Изабелла не единственная была в полном неведении на мой счет; вскоре я с благодарностью поняла, что никто ничего не заметил. У большинства всегда находятся другие заботы, кроме чтения в чужих сердцах и разгадки недомолвок. При желании секрет сохранить легко. В течение дня я одно за другим получала доказательства тому, что не только никто не догадывается о причине моей печали, но и вся моя душевная жизнь последнего полугода осталась всецело моим достоянием. Никто не дознался, никто не заметил, как среди всех людей мне стал дорог один. Сплетни меня миновали; ничье любопытство не задело меня; оба этих чутких духа, порхая вокруг, меня попросту не замечали. Так иной будет жить в больнице, охваченной тифозной горячкой, и не подцепит заразу. Мосье Эмануэль наведывался то и дело, спрашивал обо мне; мы занимались вместе; когда бы он ни вызывал меня, я к нему спускалась. «Мисс Люси, вас зовет мосье Поль», «мисс Люси сейчас с мосье Полем» — без конца слышалось в доме, и никто на это не обращал внимания, и, уж разумеется, никто этого не осуждал. Ни намеков, ни шуток. Мадам Бек разгадала загадку, но более никто ею не занимался. Мои нынешние страдания окрестили головной болью, и я приняла это название.

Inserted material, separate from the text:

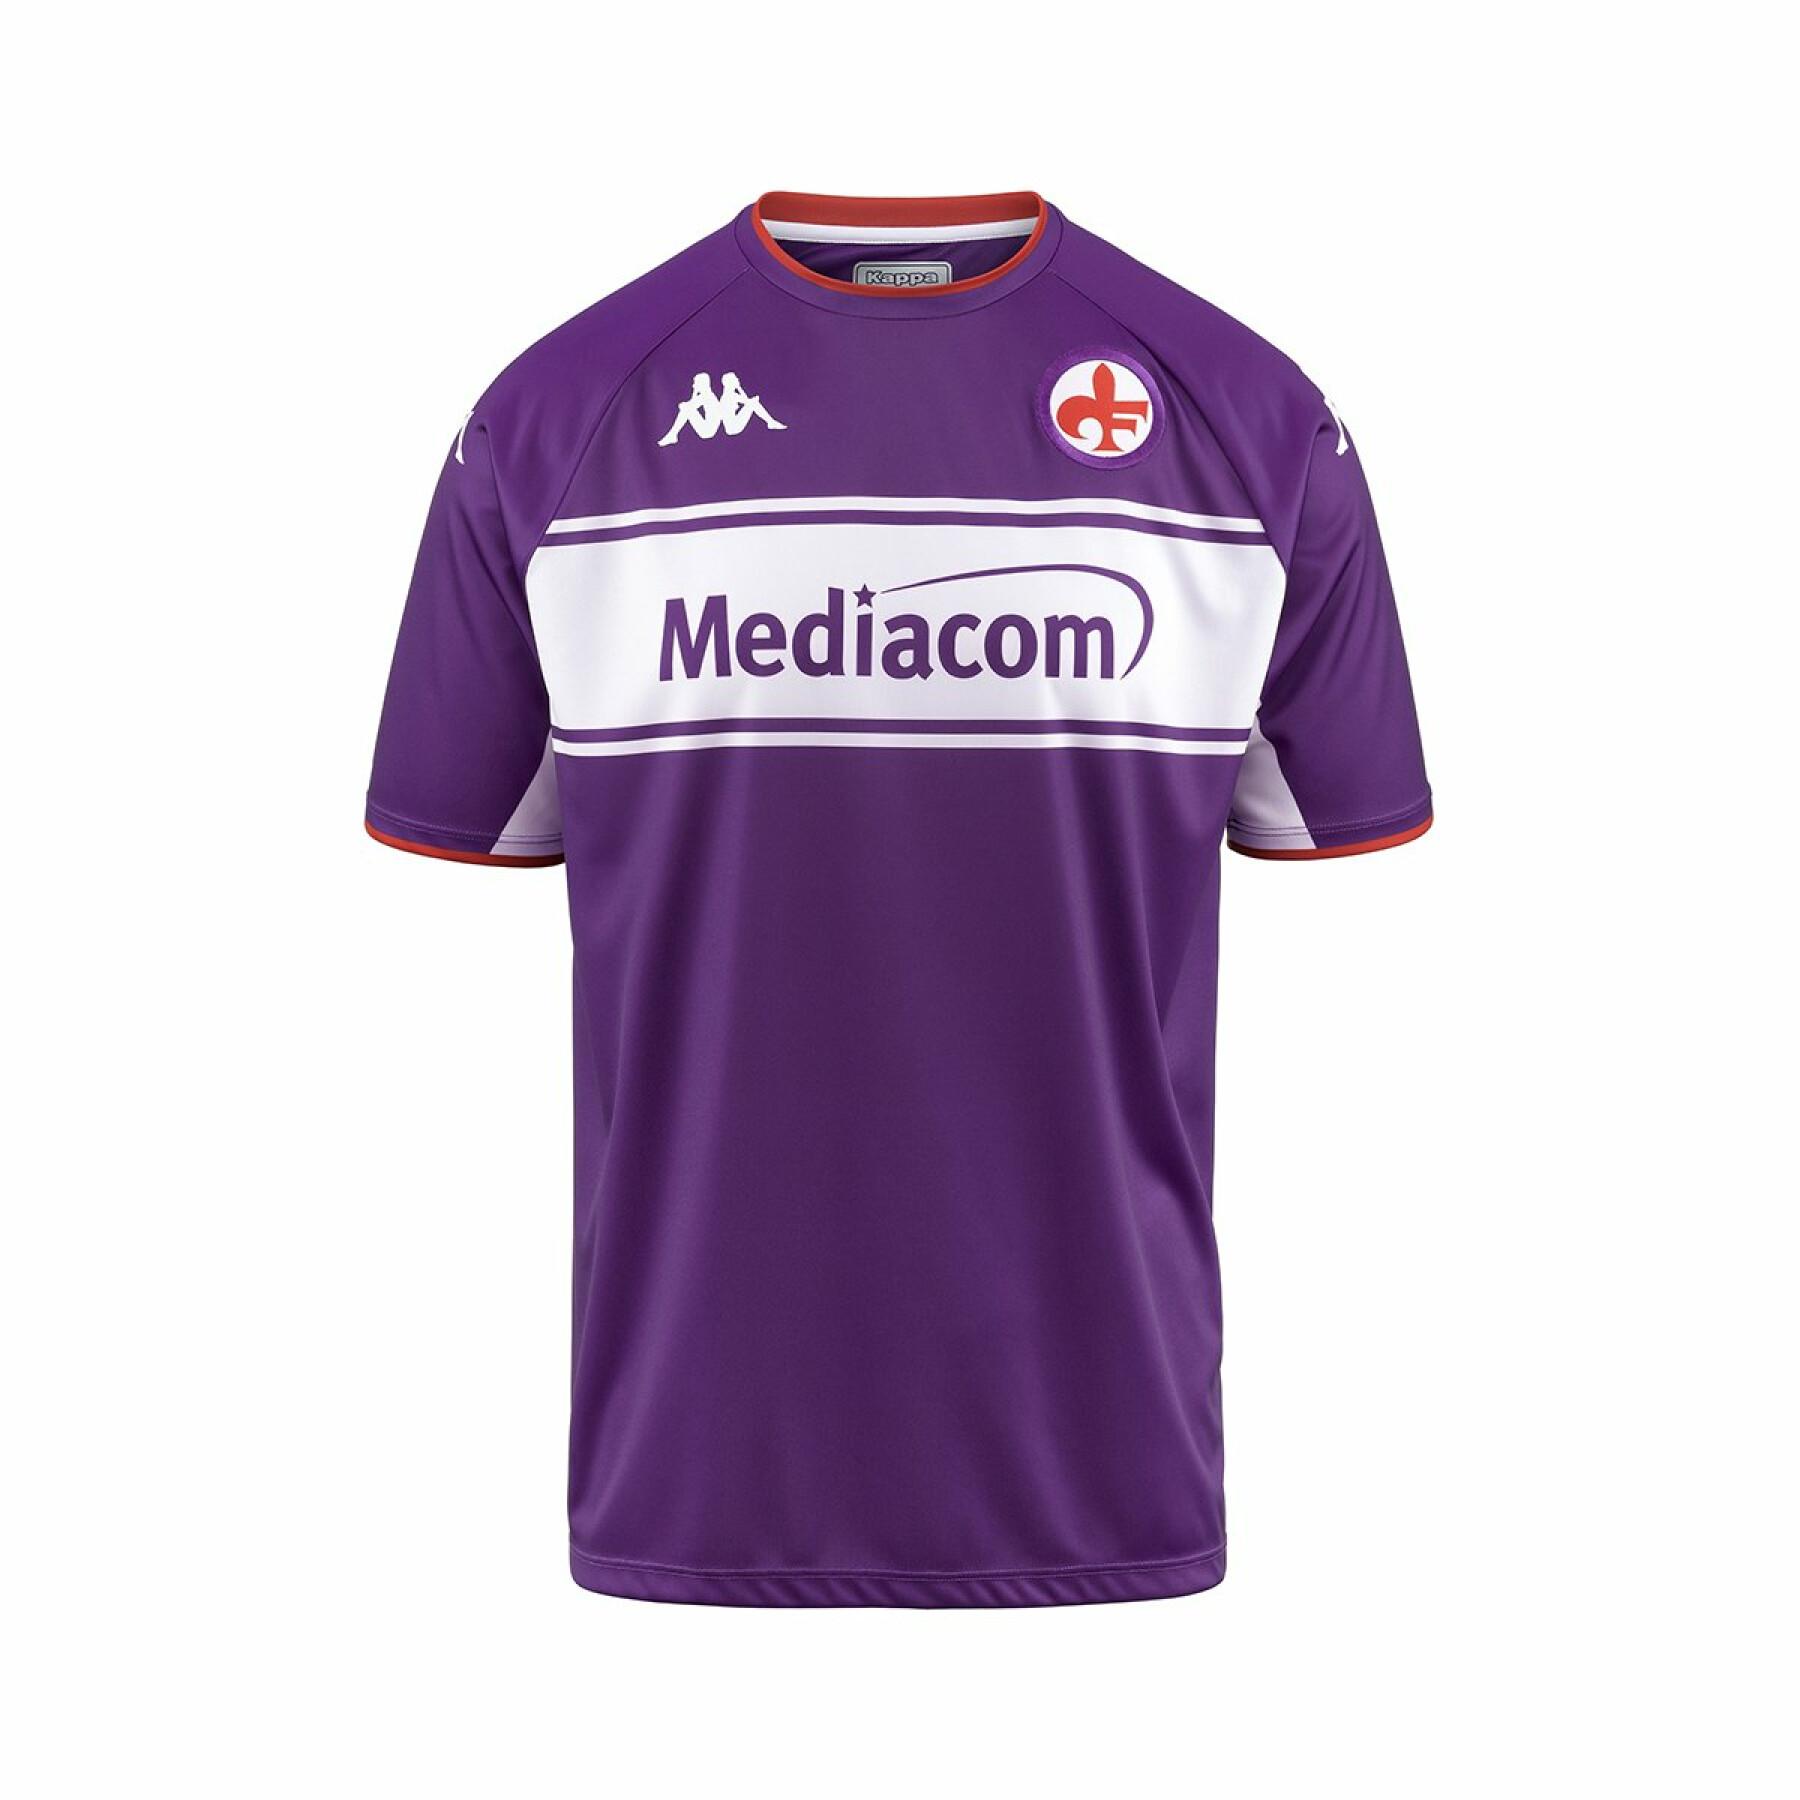 Home jersey Fiorentina AC 2021/22

Но какая боль телесная сравнится с мукой душевной? Знать, что он уехал не простясь, знать, что судьба и злые силы — завистливая женщина и священник-ханжа — не дали мне увидеть его на прощанье! И конечно, на следующий день к вечеру мне стало легче, и я так же неуемно, одиноко, отчаянно меряла шагами пустую комнату.
На сей раз мадам Бек уже не увещевала меня — она ко мне не явилась. Она послала вместо себя Джиневру Фэншо и не могла сделать выбор удачней. При первых же словах Джиневры: «Ну как голова, очень болит?» (ибо Джиневра, как и все прочие, считала, что у меня болит голова — нестерпимо болит и оттого я такая бледная и мечусь из угла в угол), — итак, при первых же ее словах мне захотелось бежать куда глаза глядят, только бы от нее подальше. Затем последовали ее жалобы на собственную головную боль — и они довершили успех предприятия.